In Constrained Regression, the optimization (minimization of error) happens in an iterative manner (subject to termination conditions based on pre-set tolerance levels), unlike the traditional linear regression. One of the popular methods to solve the optimization problem in Constrained Regression is TRF (Trust Region Reflective) algorithm.

Why not Simplex?

In operations research, Dantzig’s simplex method is a popular algorithm for several types of optimizations subject to constraints. However, it operates on linear programs and typically finds the optimal solution(s) in one of the vertices of the polytope it defines as the feasible region. Constrained Regression on the other hand deals with non-linear least squares problem and is not necessarily guaranteed to find solution at the boundaries of feasible regions. Hence Simplex and its variants are not suitable for this purpose.

Why not Gradient Descent?

Gauss–Newton (GN) algorithm is considered as the reference method for nonlinear least squares problems. The basic GN method has quadratic convergence close to the solution if certain assumptions on the residuals are valid (linear approximation and sufficient proximity to zero). To meet these conditions, two major versions of the GN algorithm came into existence: Line Search and Trust Region.

Gradient Descent Modified from Original Image: David Mark from Pixabay

 

Gradient descent is a line search method. We determine the descending direction first and then we take a step in that direction. In gradient descent, step size = gradient * learning rate.

TRF on the other hand is a trust region method. We determine the maximum step size that we want to explore and then we locate the optimal point within that trust region. The trust region can be expanded or shrunk in runtime to adjust to the curvature of the surface.

TRF tends to work better than gradient descent in low data volume scenarios. However, gradient descent converges faster than TRF when there is a large volume of data to train on.

What is TRF?

TRF algorithm works by first defining a region called the Trust Region (TR). The size of the TR is usually defined by the radius in Euclidean norm. It is an iterative method, and convergence happens if the region is convex.

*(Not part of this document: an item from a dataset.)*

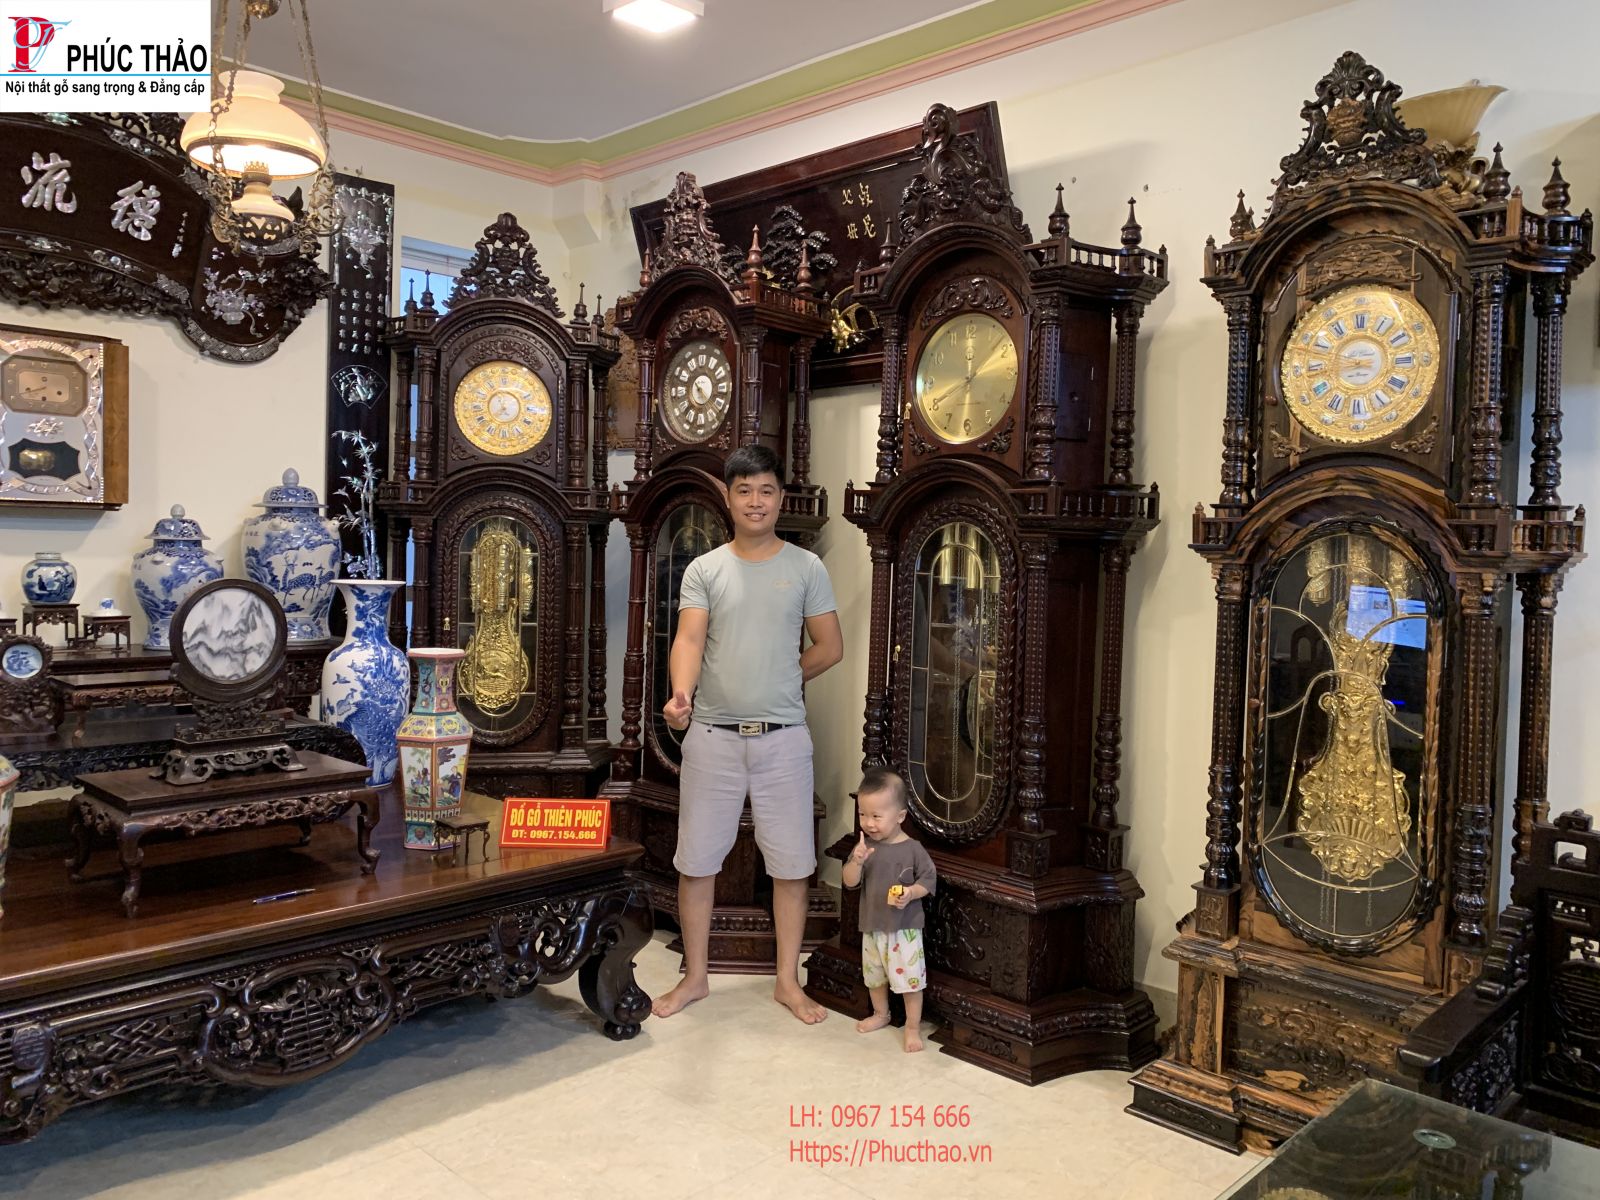 Mua đồng hồ cây gỗ uy tín ở Lâm Đồng tại Phúc Thảo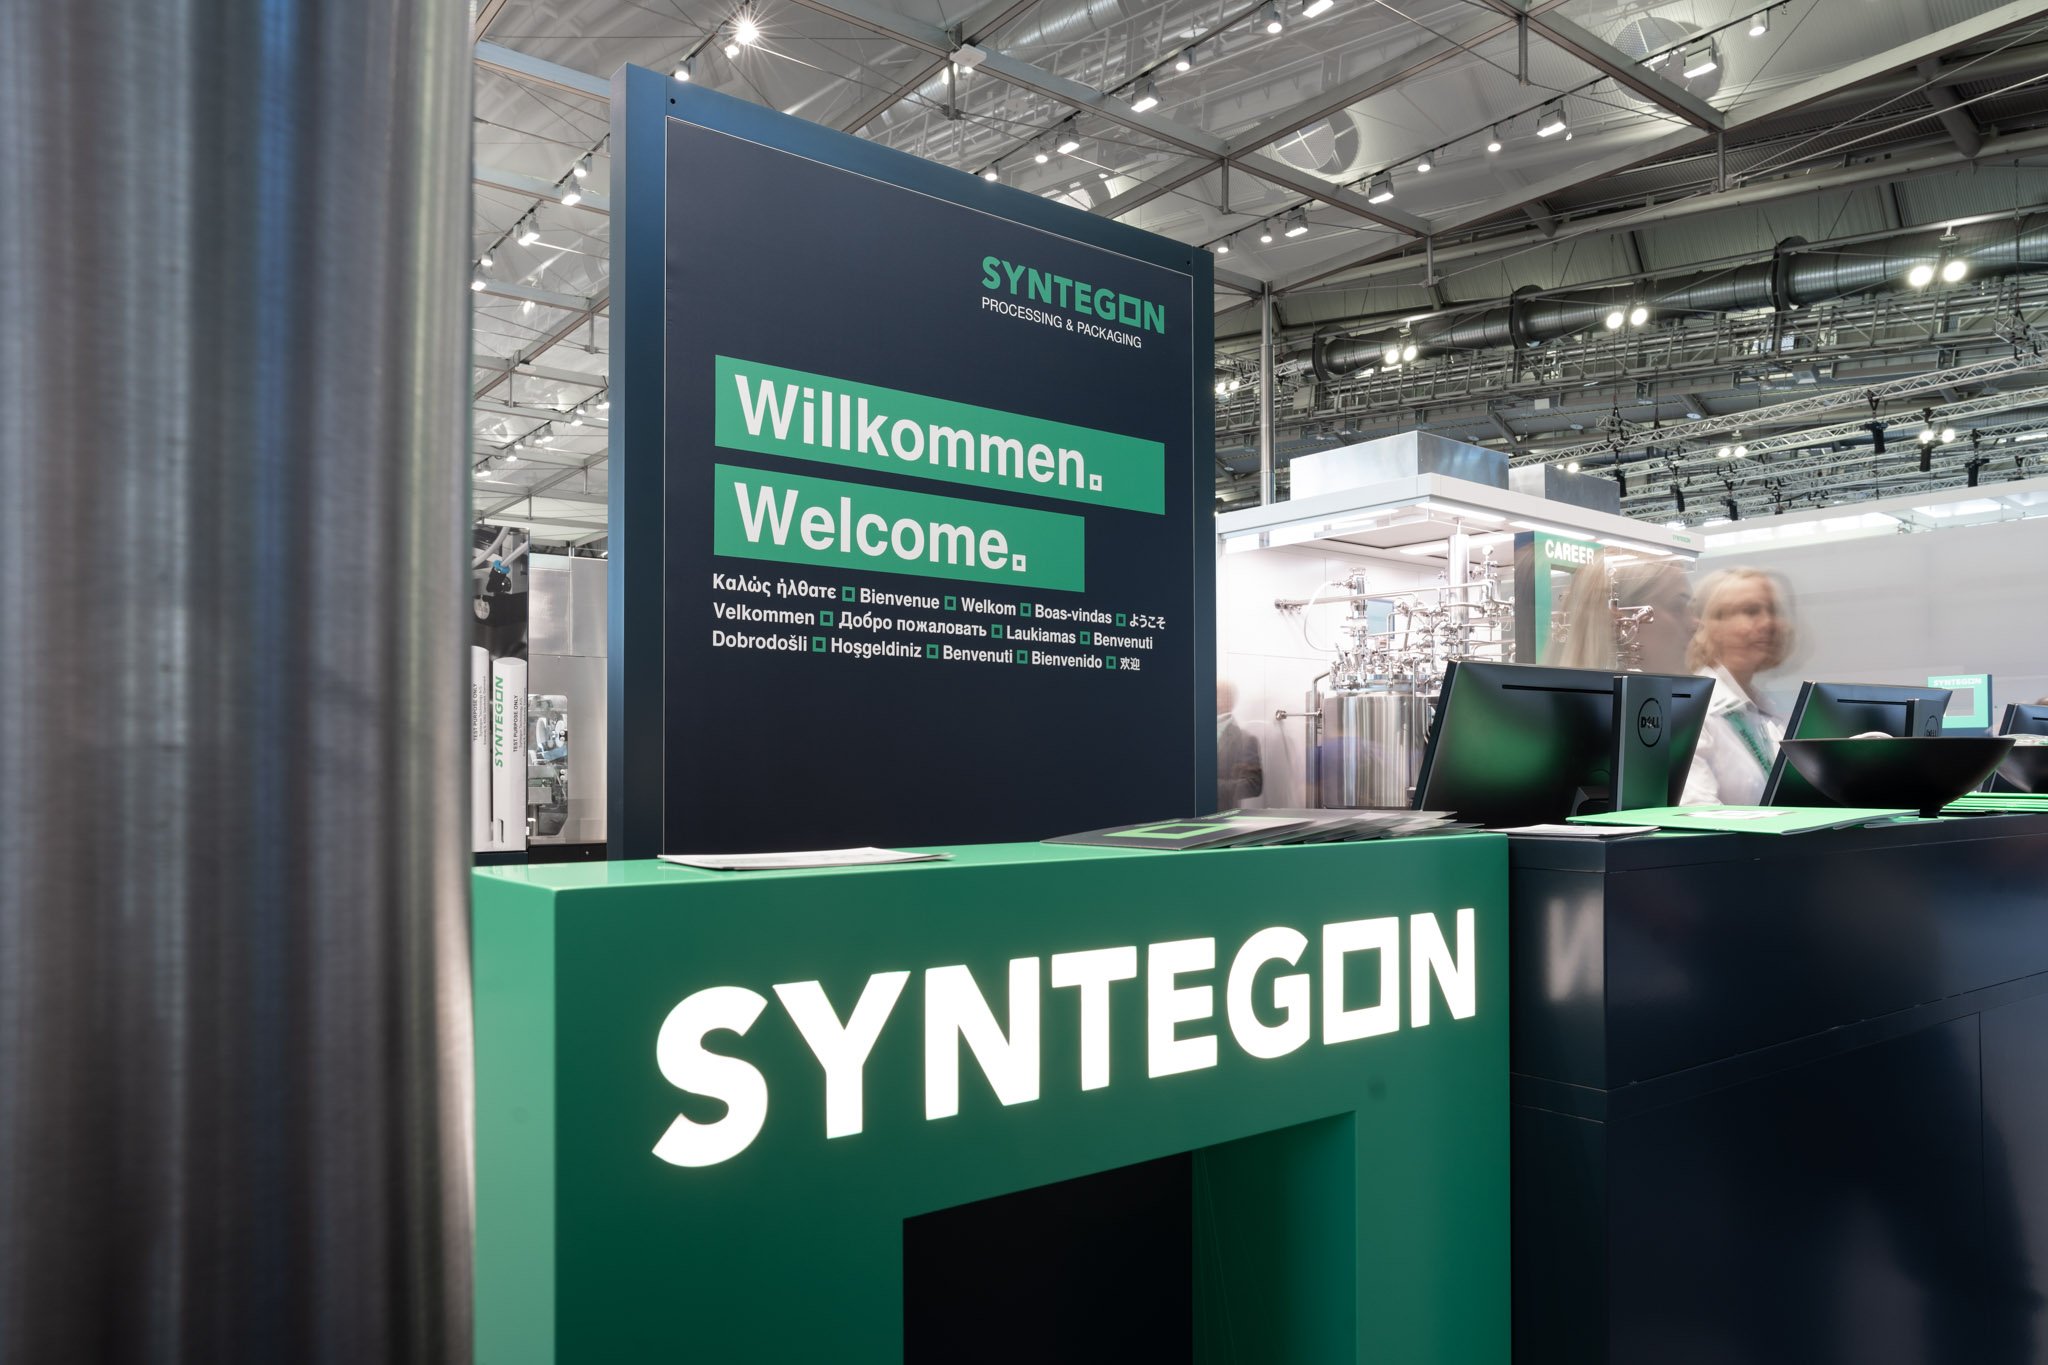 Syntegon präsentiert innovative Lösungen auf der Weltleitmesse für Prozessindustrie in Frankfurt am Main.

A TR is a subset of the region of the objective function that is to some extent approximated by a model function (often a quadratic). TRF then takes a step forward within the region. If a notable decrease (for minimization problems) is gained after the step forward, then the model is believed to be a good representation of the original objective function, and therefore the region is expanded.

If the improvement is too subtle or negative, the model is not to be believed as a good representation of the original objective function within that region, and therefore the region is contracted. The fit is evaluated by comparing the ratio of expected improvement from the model approximation with the actual improvement observed in the objective function. Simple thresholding of the ratio is used as the criterion for expansion and contraction.

Application in a business scenario

Let us take for an example the automation of operational expenditure forecasting. For a large organization, a major chunk of the efforts in such a business problem will involve forecasting of the wage costs many months in advance for several hundreds of cost centres involving many different functions across the globe. Wage rates are sensitive information, and hence might not be available. What we might have instead could be the historical total wage costs for any given cost centre, and the aggregated headcounts (historical and planned) across several wage groups in that cost centre. The linear relationship existing in the data can be leveraged to implement an MLR-based Wage Model to predict the approximate average salary spends per wage group.

However, the natural data imperfections may lead to situations where the wage rates predicted by the MLR model may not adhere to business criteria governing the wage rates among different wage groups. This would result in lack of interpretability and trust on the model.

Let us consider a few common business constraints a typical wage model must adhere to:

• Pre-defined order among the wages across different workgroups based on seniority.
• Minimum pre-defined gaps in between the average wage slabs across these groups.
• Upper and lower (greater than zero) bounds for each wage group.

To incorporate these business criteria, we need inequality constraints on regression coefficients, which linear regression does not allow. Linear regression is an unconstrained method. It does not incorporate any constraints on the coefficients and may lead to incorrect / unexplainable regression coefficients.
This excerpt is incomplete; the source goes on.